## Provided material
━━━━━━━━━━
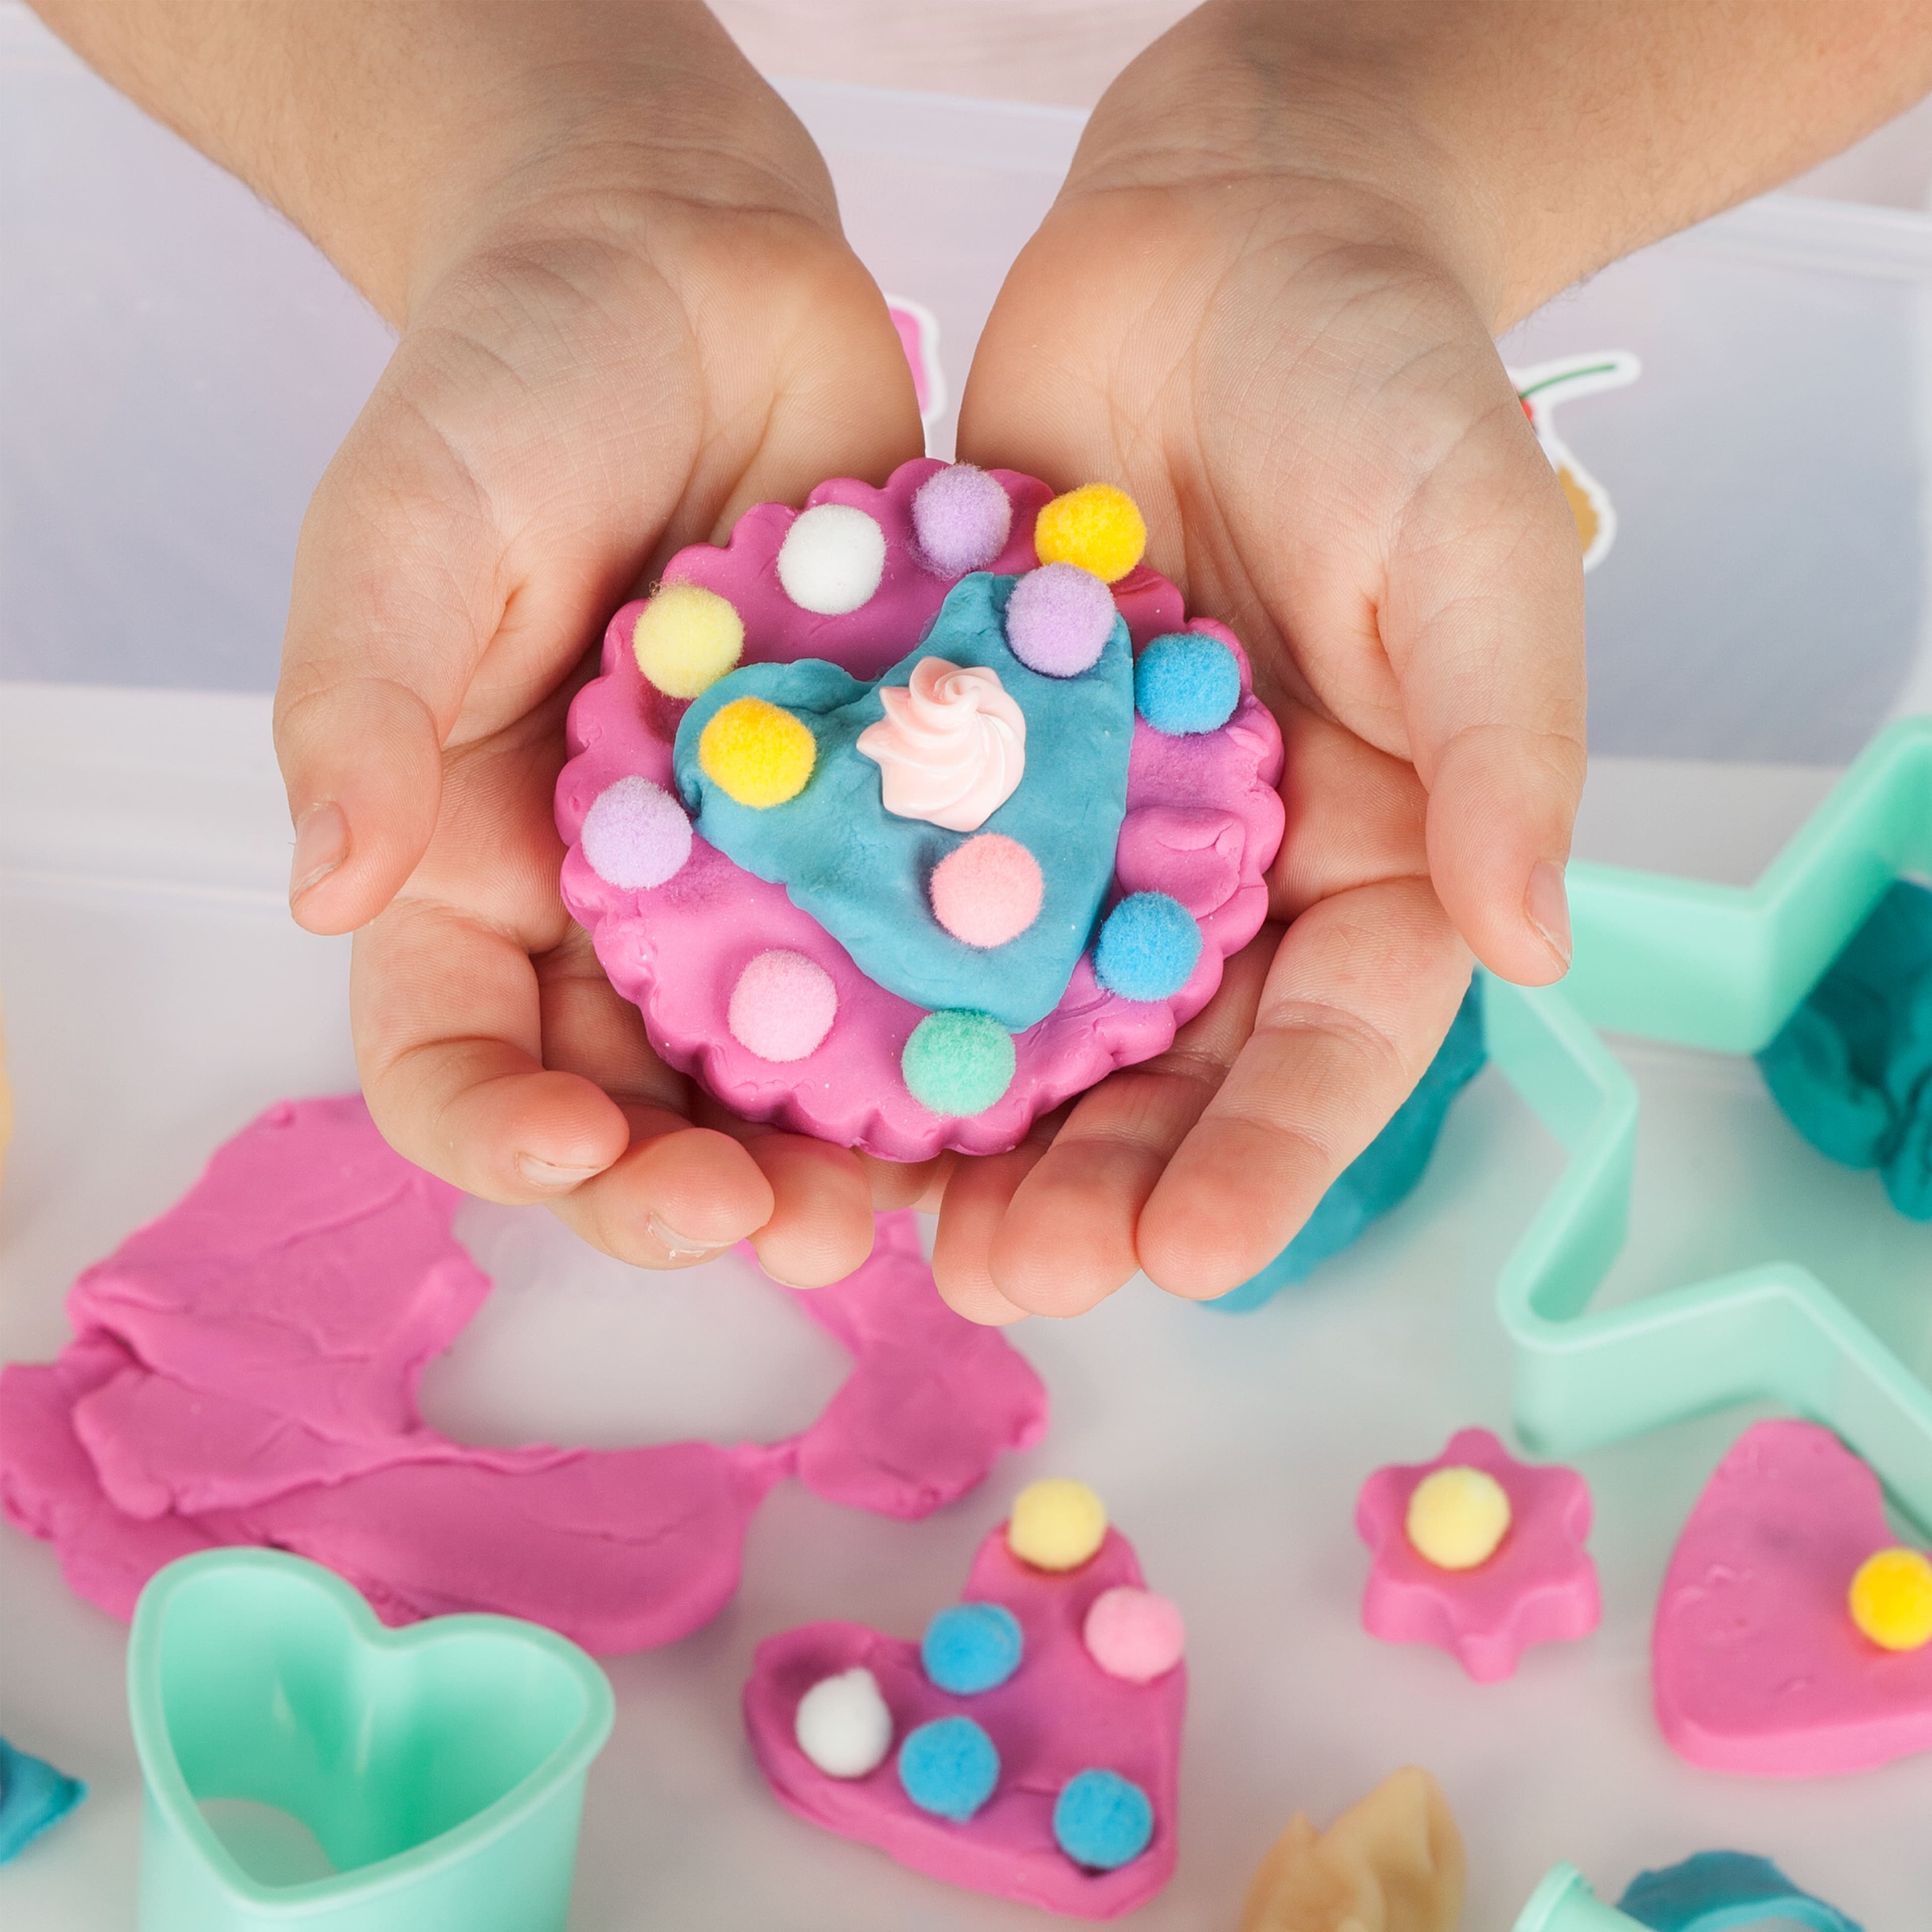 8 Pack: Creativity for Kids&#xAE; Bake Shop Sensory Bin
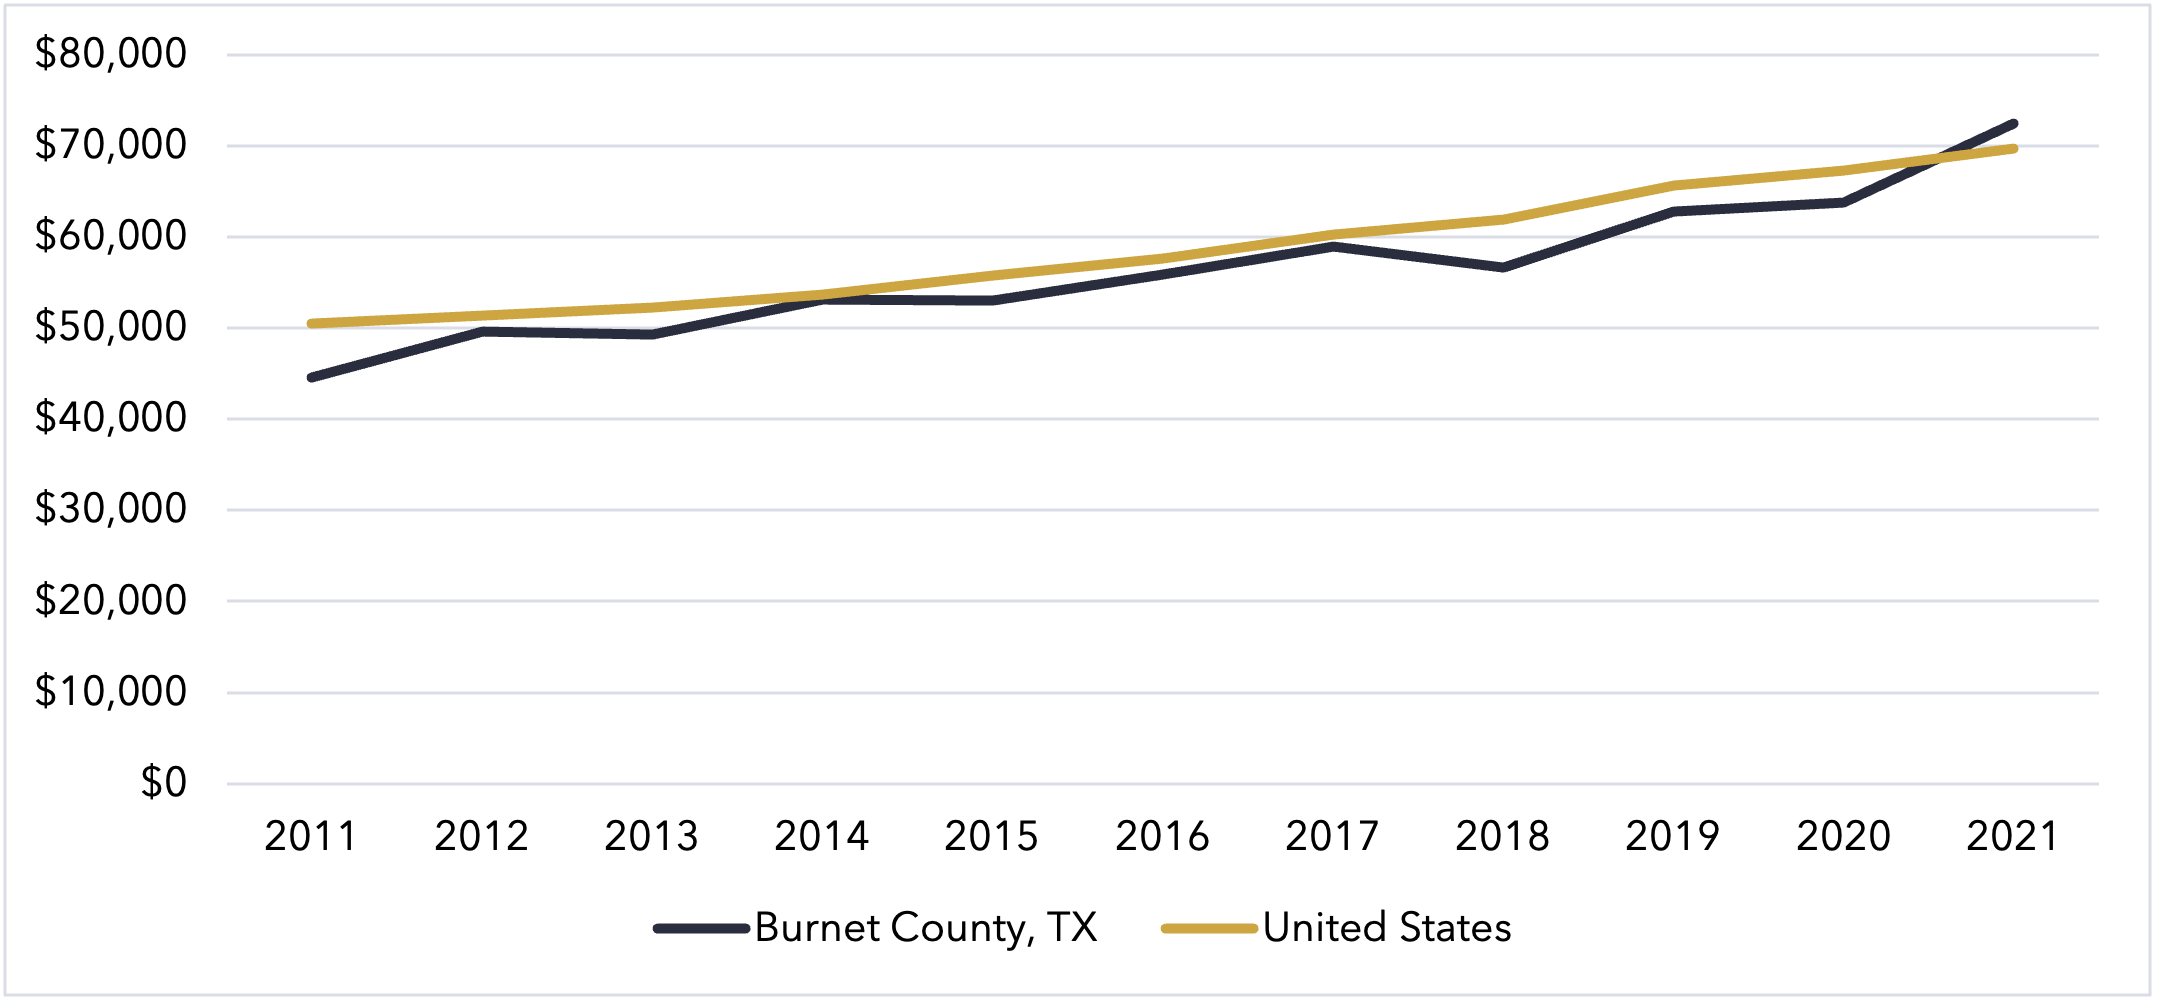 Burnet County, Texas Median Household Income 2021
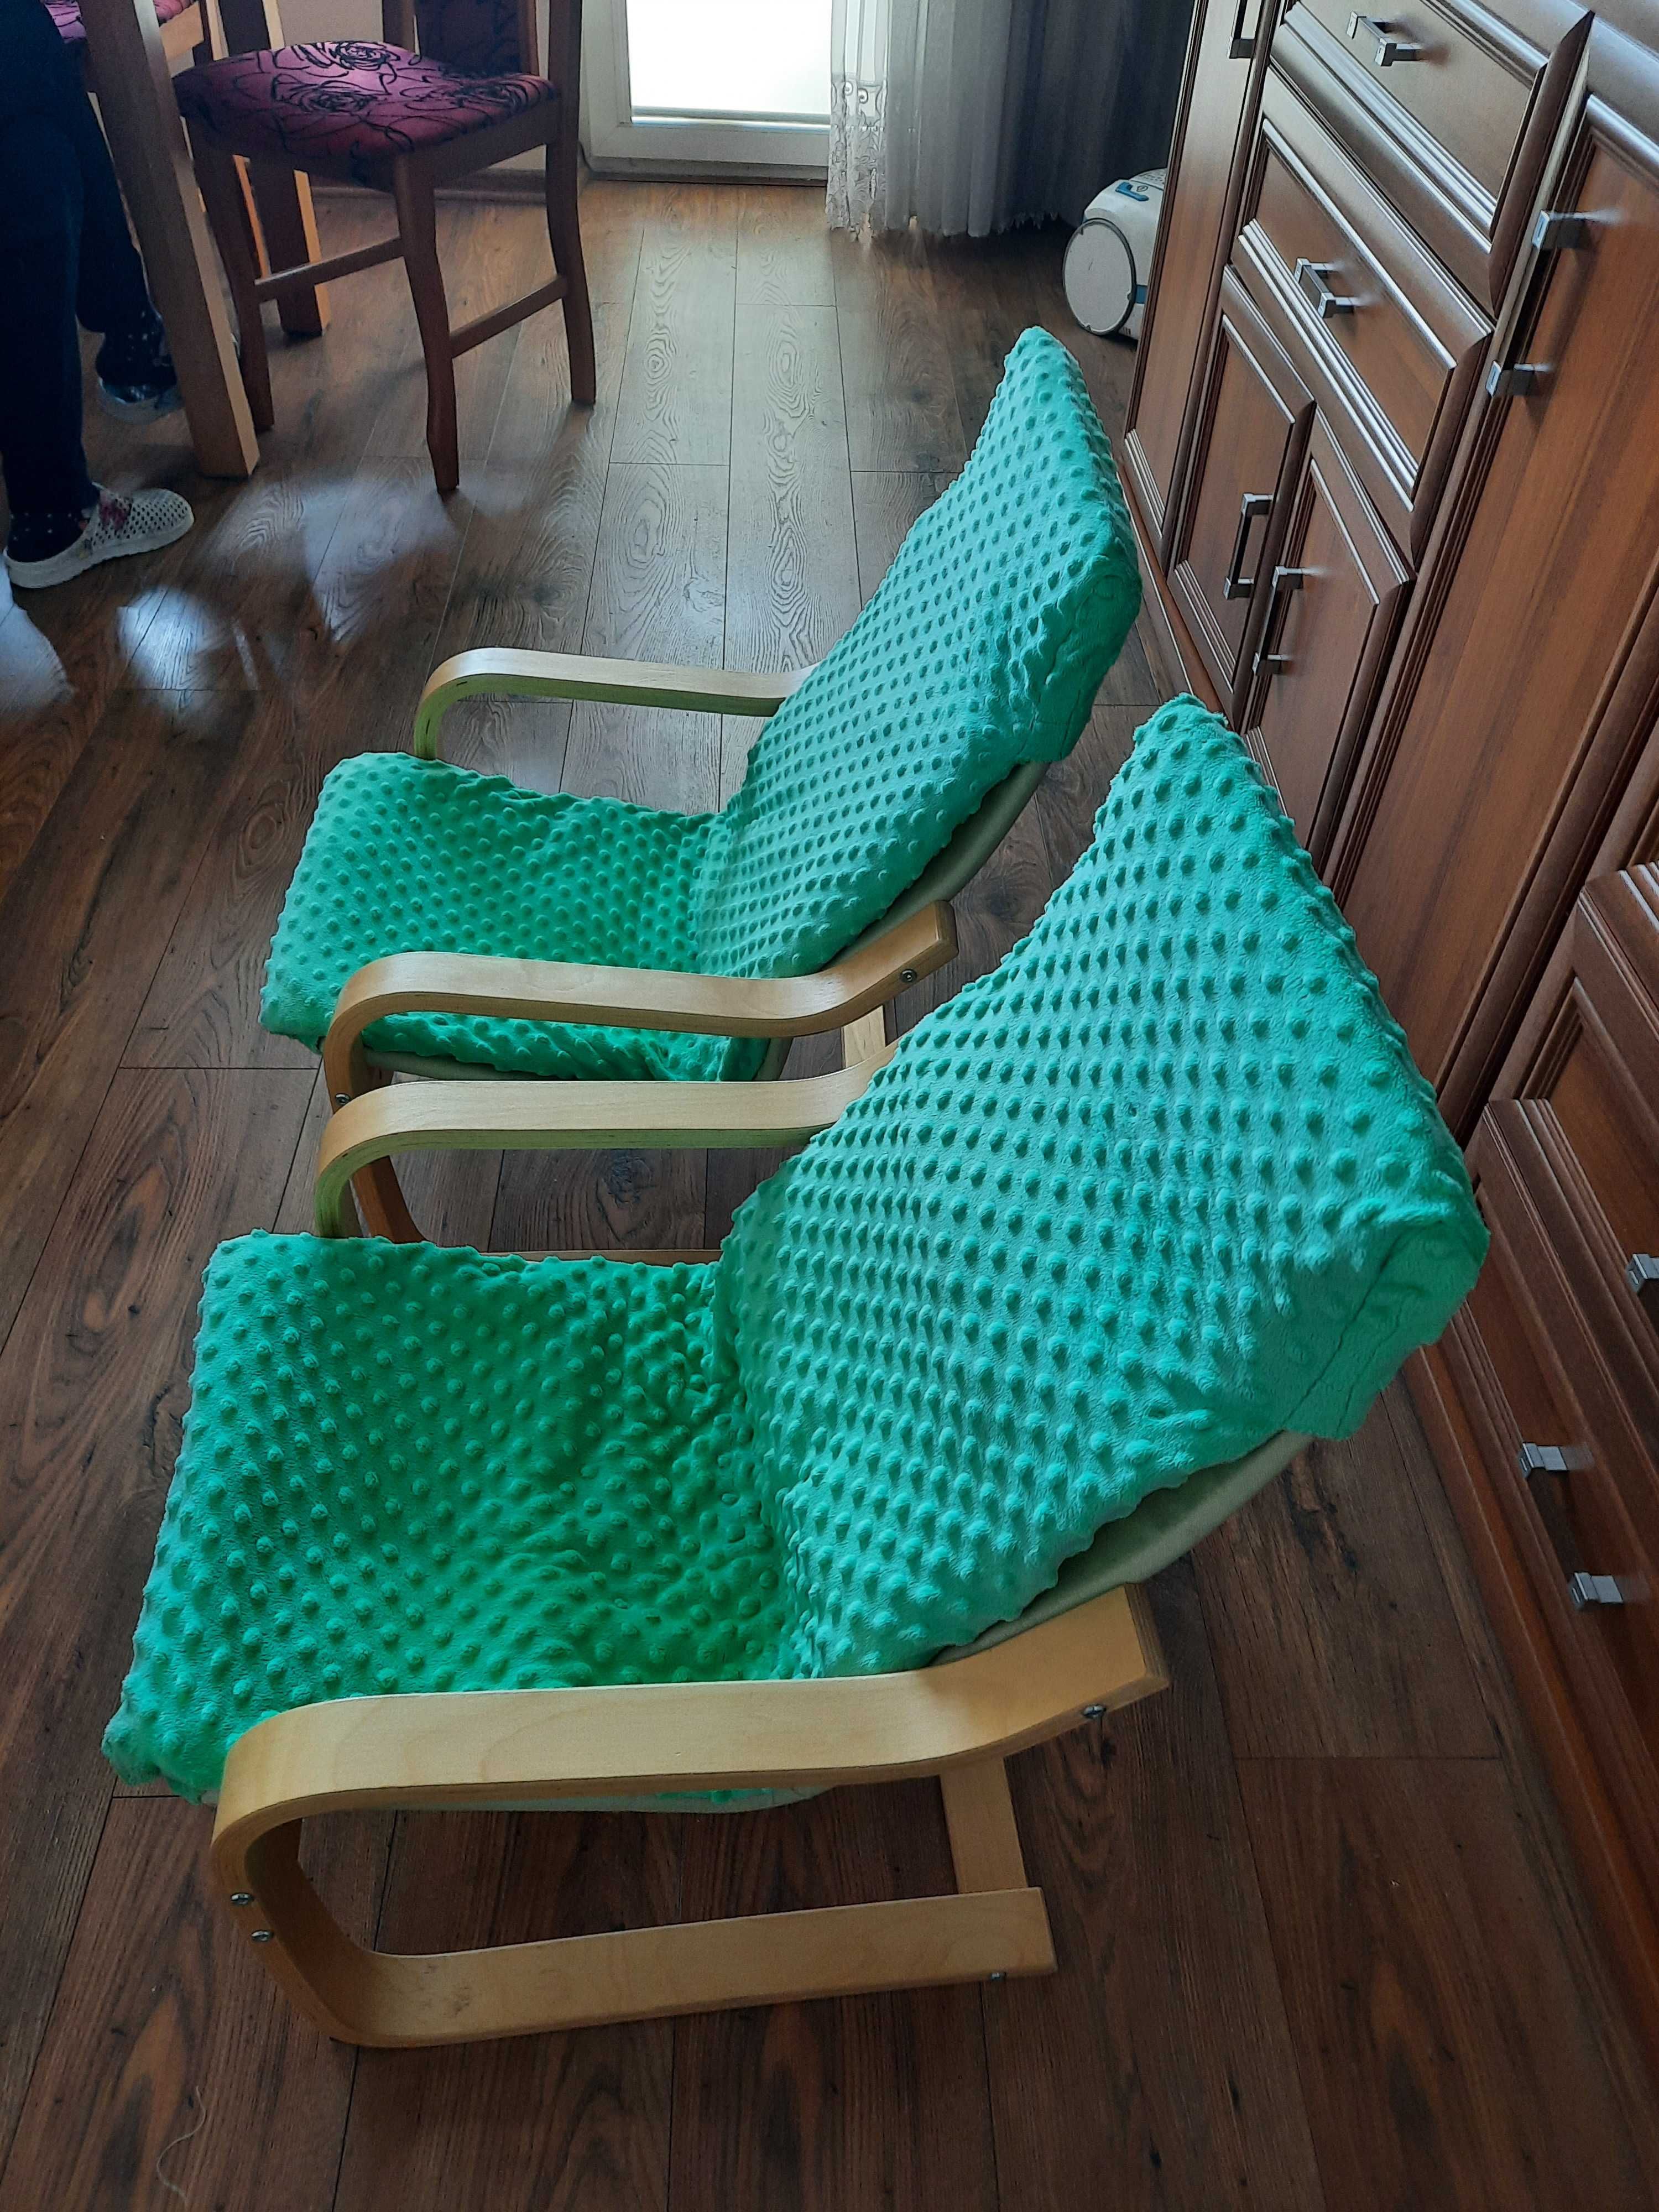 Krzesełka IKEA POANG
━━━━━━━━━━
Exact repetition of each line above is expected; images are to be omitted.

## Exercise answer
 8 Pack: Creativity for Kids&#xAE; Bake Shop Sensory Bin
 Burnet County, Texas Median Household Income 2021
 Krzesełka IKEA POANG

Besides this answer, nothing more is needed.